The muscat grapes are sweeter, hence a sweeter wine. I honestly thought they only grew in the south. All the sweet wines ( Gewurztraminer and Riesling, etc ) are typically desert wines. I am glad you enjoy our region. Yes, please come back.
My two cents here as an Alsacian wines aficionado...Gewürztraminer is a sweet wine, with a very surprising lychee aroma...A dessert wine. Sylvaner, in my opinion, is one of the ugliest French wines, on par with horrors like blanquette de Limoux, Kriter, listel, gros plant, and vin jaune of Jura...It's a herbaceous wine that makes you feel you're drinking a diluted grass extract. Muscat has an excellent reputation, but I do not remember what it tastes like. Riesling is wonderful when good, still, white, extra dry, both light and full of taste at the same time. Cremant can be as good as a good Champagne...Almost. Pinot gris is absolutely revered, I tasted it only once and all I can remember is that it was very good. You can have also heavenly reds, the famous Pinot noir d'Alsace...Some of them are absolutely terrific 🤪
The onion tart is my favorite from this region but there's so much good food in Alsace. It's just everywhere you look almost, and the food even seems good in what looked to me like the kind of tourist trap restaurants. I wasn't as excited with the local wines but as they normally do in Europe they were great with the food.

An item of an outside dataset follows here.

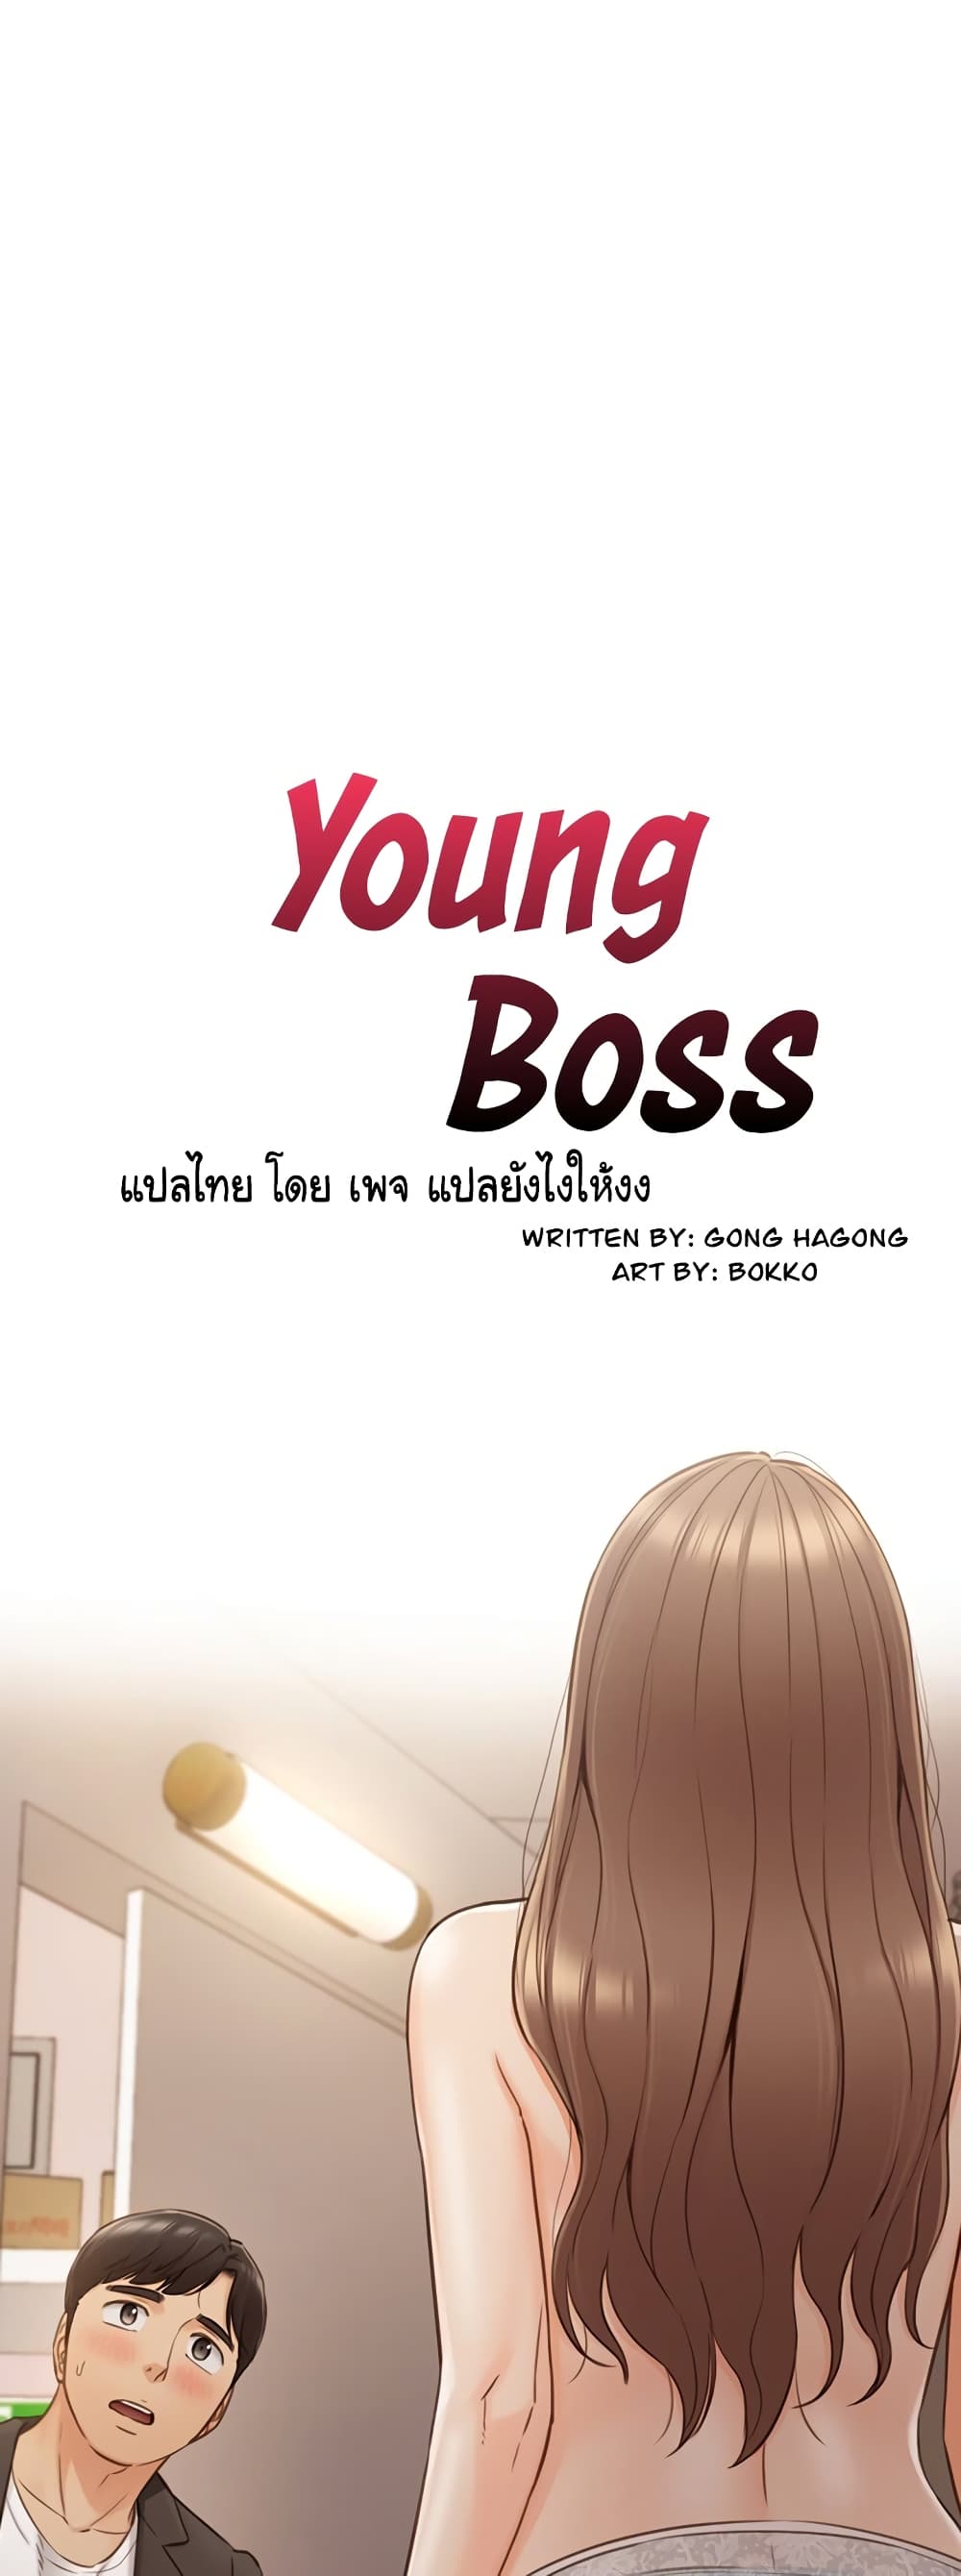 Young Boss 71-71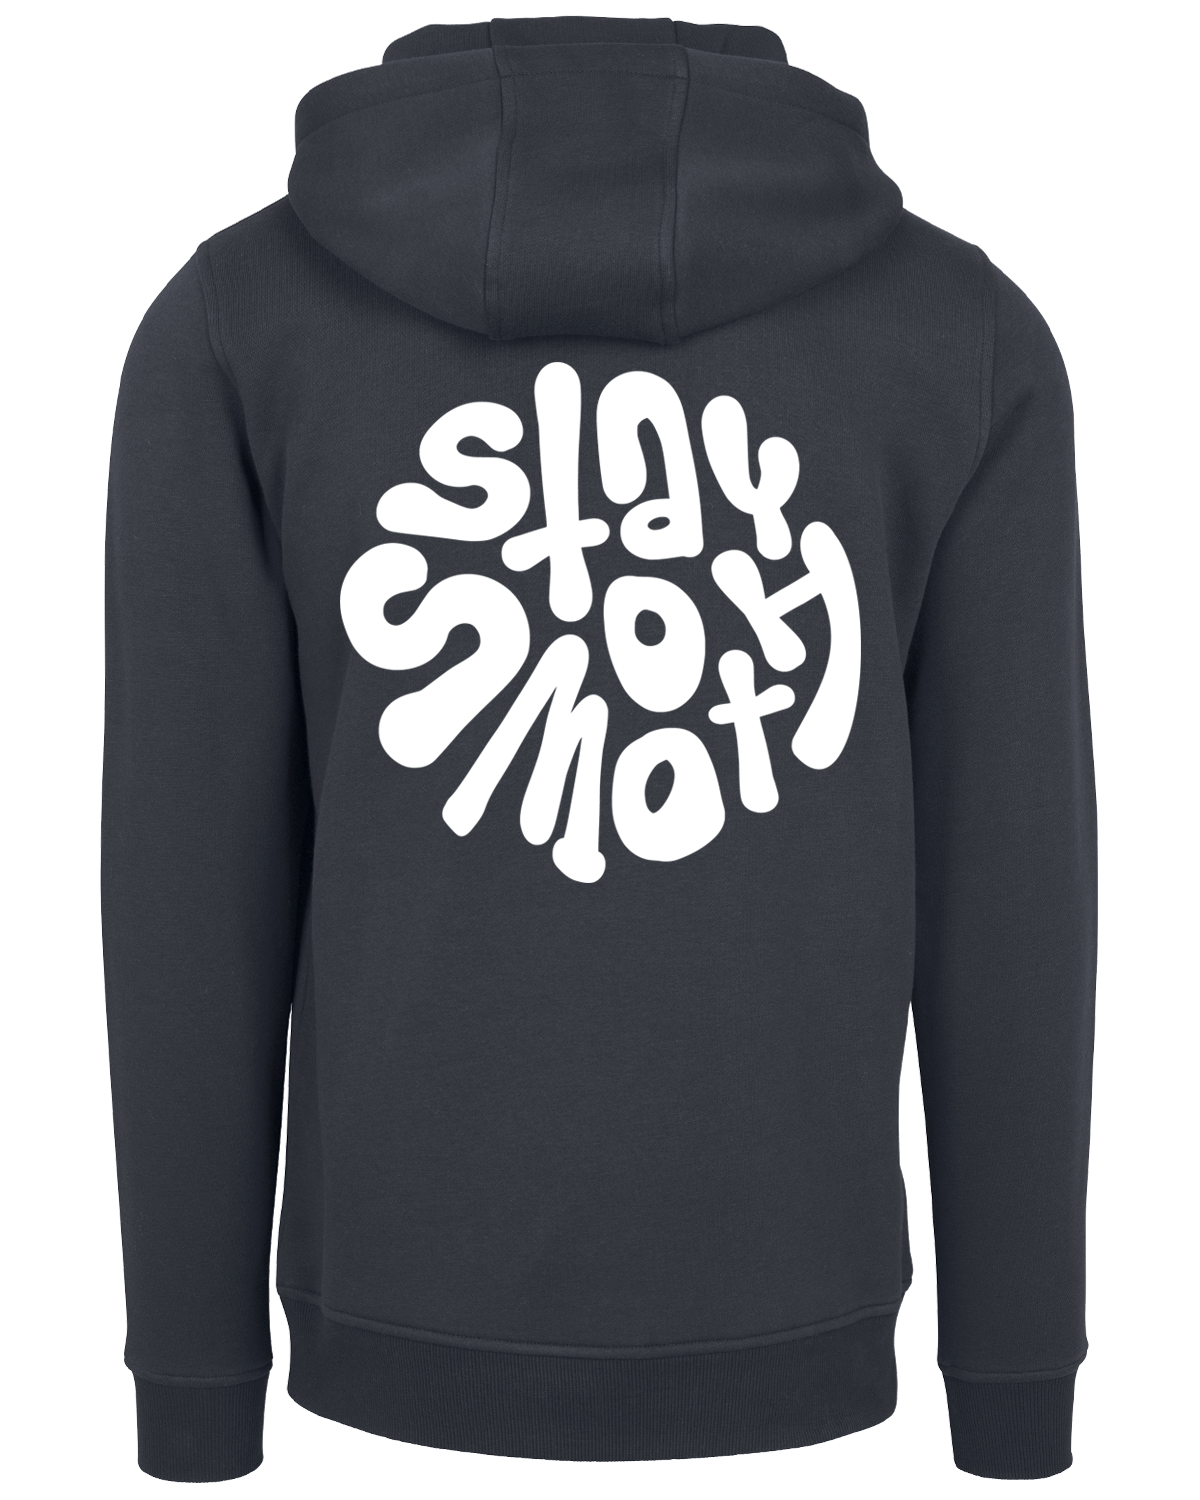 Ink Blue Hoodie / Stay Smooth White Front+Back Women

Great show as always... Correct me if I'm wrong but I believe you live (lived?) in Chicago. You'll find a babka anywhere on Milwaukee or Archer Avenue. Exact same thing as a Gugelhupf. In Paris Sebastien Gaudard (across from the Louvre, or rue des Martyrs) does a mean one. I never fail to buy one here whenever feeling homesick for Belmont and Diversey...
During our 4 years living in north Italy on an Expatriate assignment, we traveled to Alsace in 2017 for a Christmas Markets week, and we fell in LOVE with Alsace . . . and especially Colmar.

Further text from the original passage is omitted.